What aftercare is needed?
Proper aftercare is critical for maintaining color results and keeping hair as healthy as possible after lightening services. Here are some tips:
- Use a sulfate-free, color-safe shampoo and conditioner.
- Rinse hair with cool water to lock in color.
- Apply a weekly nourishing hair mask.
- Use leave-in treatments with UV filters before sun exposure.
- Get a gloss or glaze treatment done 4-6 weeks after lightening.
- Use bond-building products like Olaplex No.3 1-2 times per week.
- Avoid heat styling when possible.
- Get regular trims to prevent split ends.
Proper at-home care keeps lightened hair looking vibrant and helps combat dryness. Ask your colorist for product recommendations based on your specific hair needs.
How soon can I lighten again after single process?

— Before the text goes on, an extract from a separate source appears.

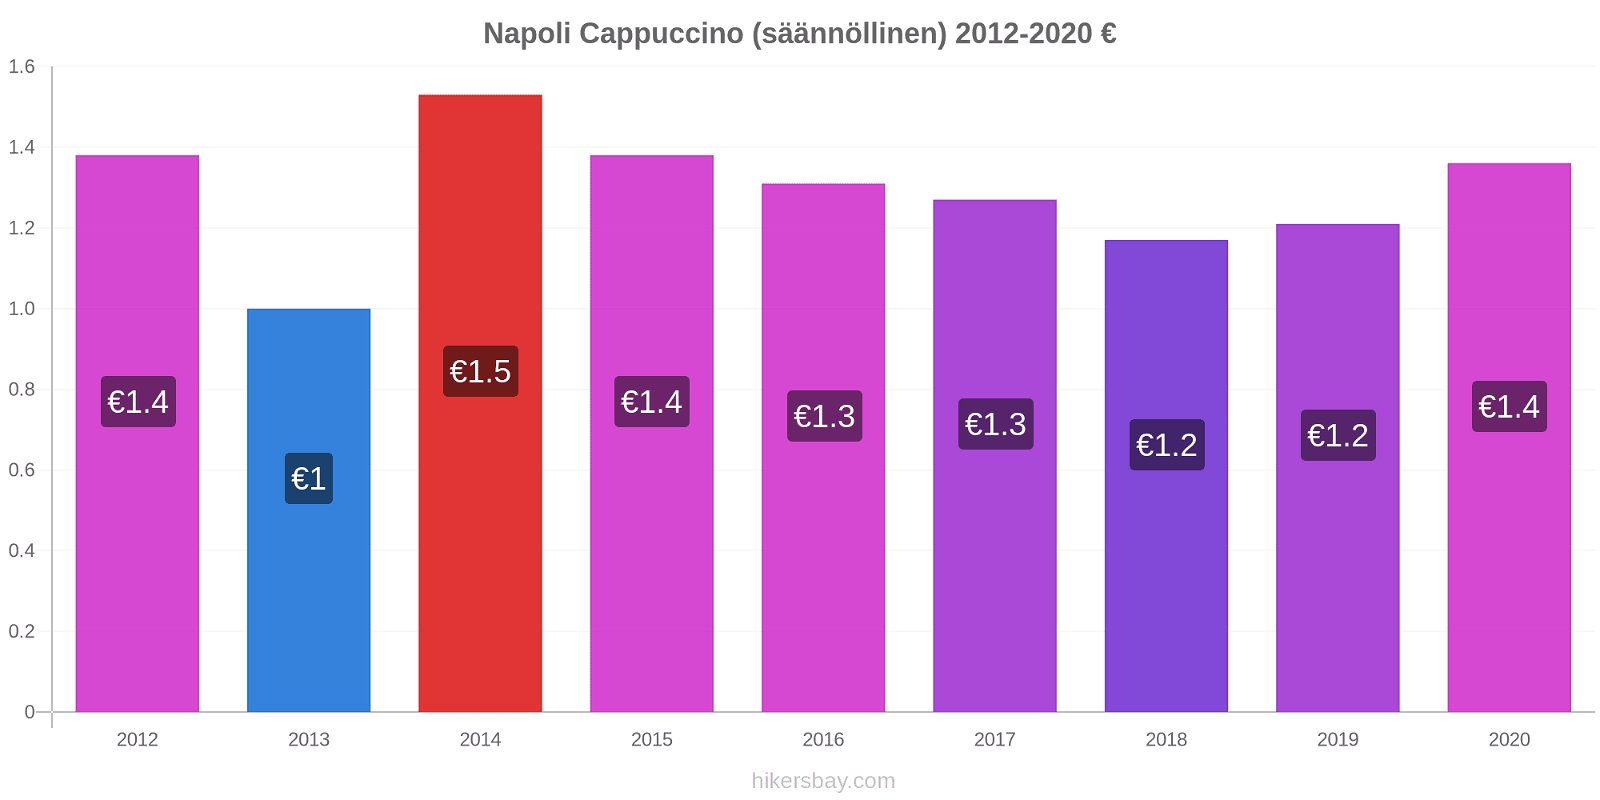 Napoli hintojen muutokset Cappuccino (säännöllinen) hikersbay.com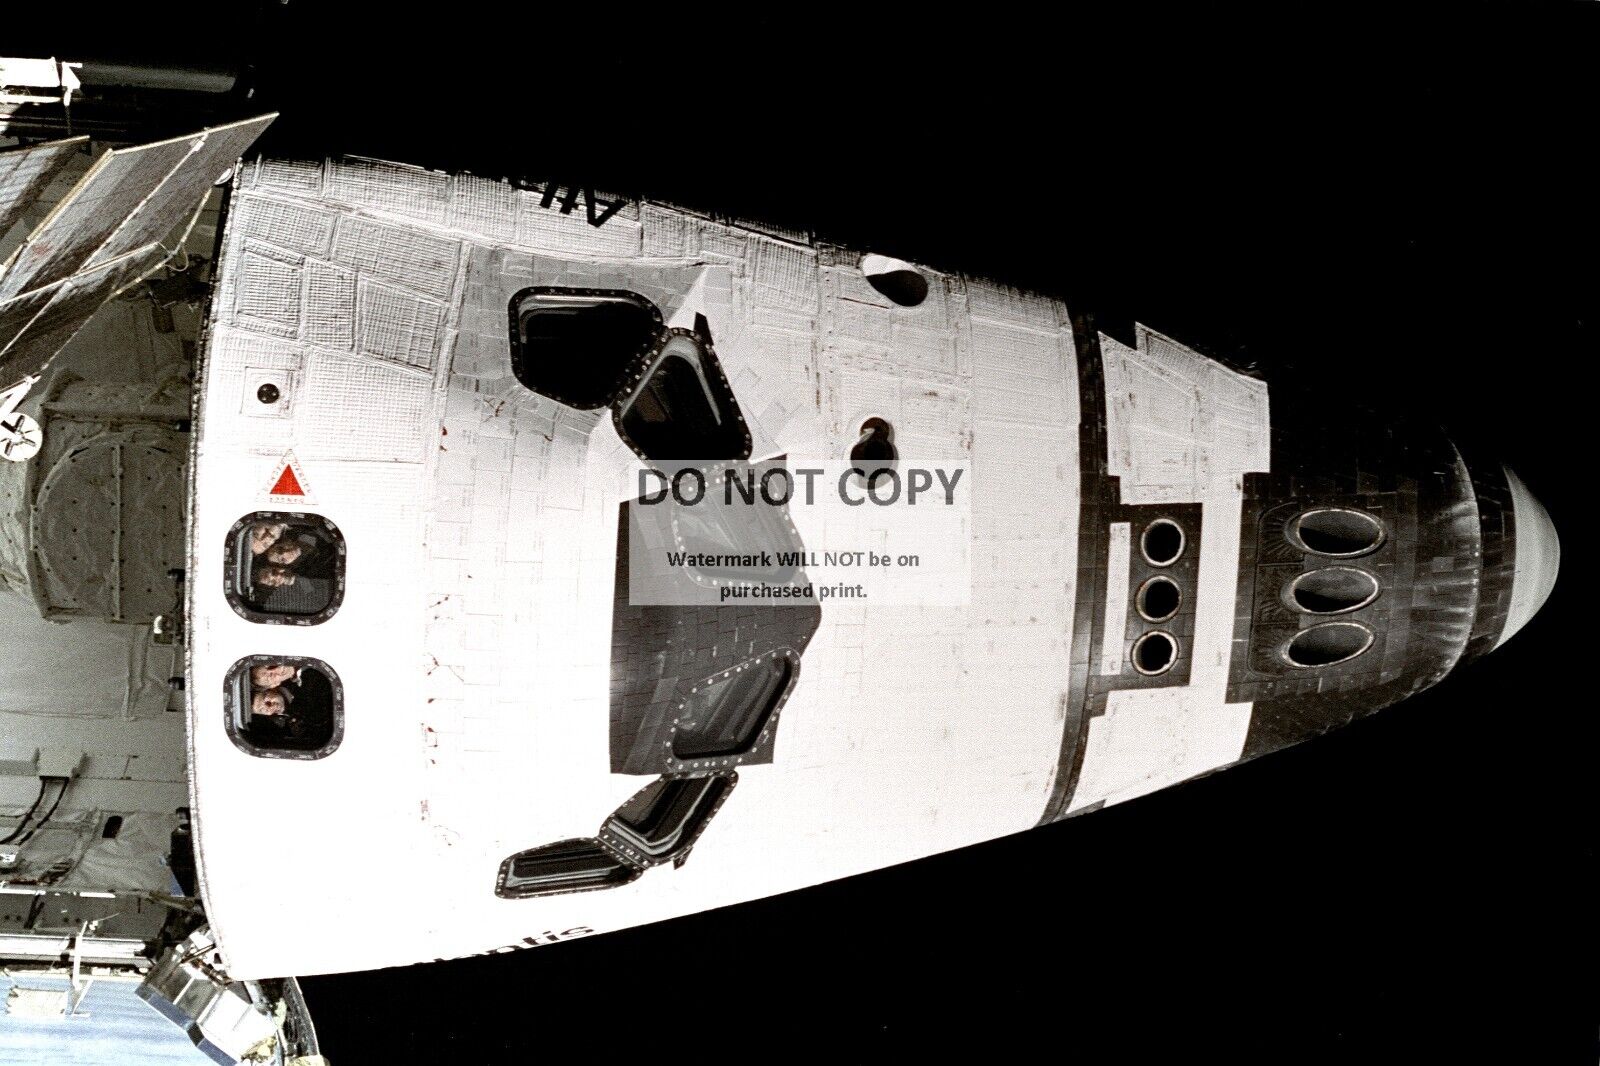 STS-74 ASTRONAUTS ABOARD SHUTTLE ATLANTIS PEER @ MIR - *8X12* NASA PHOTO (MW563)

Hair should be allowed to rest and recover for 4-6 weeks after lightening with single process color before doing it again. Lightening too soon after previous processing can cause:
- Chemical cuticle damage
- Gumminess or texture changes
- Uneven results
Some general timelines on repeating lightening processes:
- 4-6 weeks between full head single process
- 6-8 weeks between partial highlight/balayage sessions
- 8-12 weeks for more drastic double or triple process blondes
The healthiest approach is to only lighten as needed to maintain your color and avoid excess overlapping chemical services. Be patient – slower, gradual lightening is gentler on your hair.
Overall, yes – single process hair color application can effectively and evenly lighten hair when done properly by a skilled colorist. The stylist selects the appropriate lightener shade and developer strength needed to gently lift your hair to the desired level with minimal damage. Taking proper aftercare steps to nourish hair is also key. While risks like dryness and banding exist, they can be minimized by following your colorist’s recommendations. Single process allows you to gradually brighten your locks for a sun-kissed look.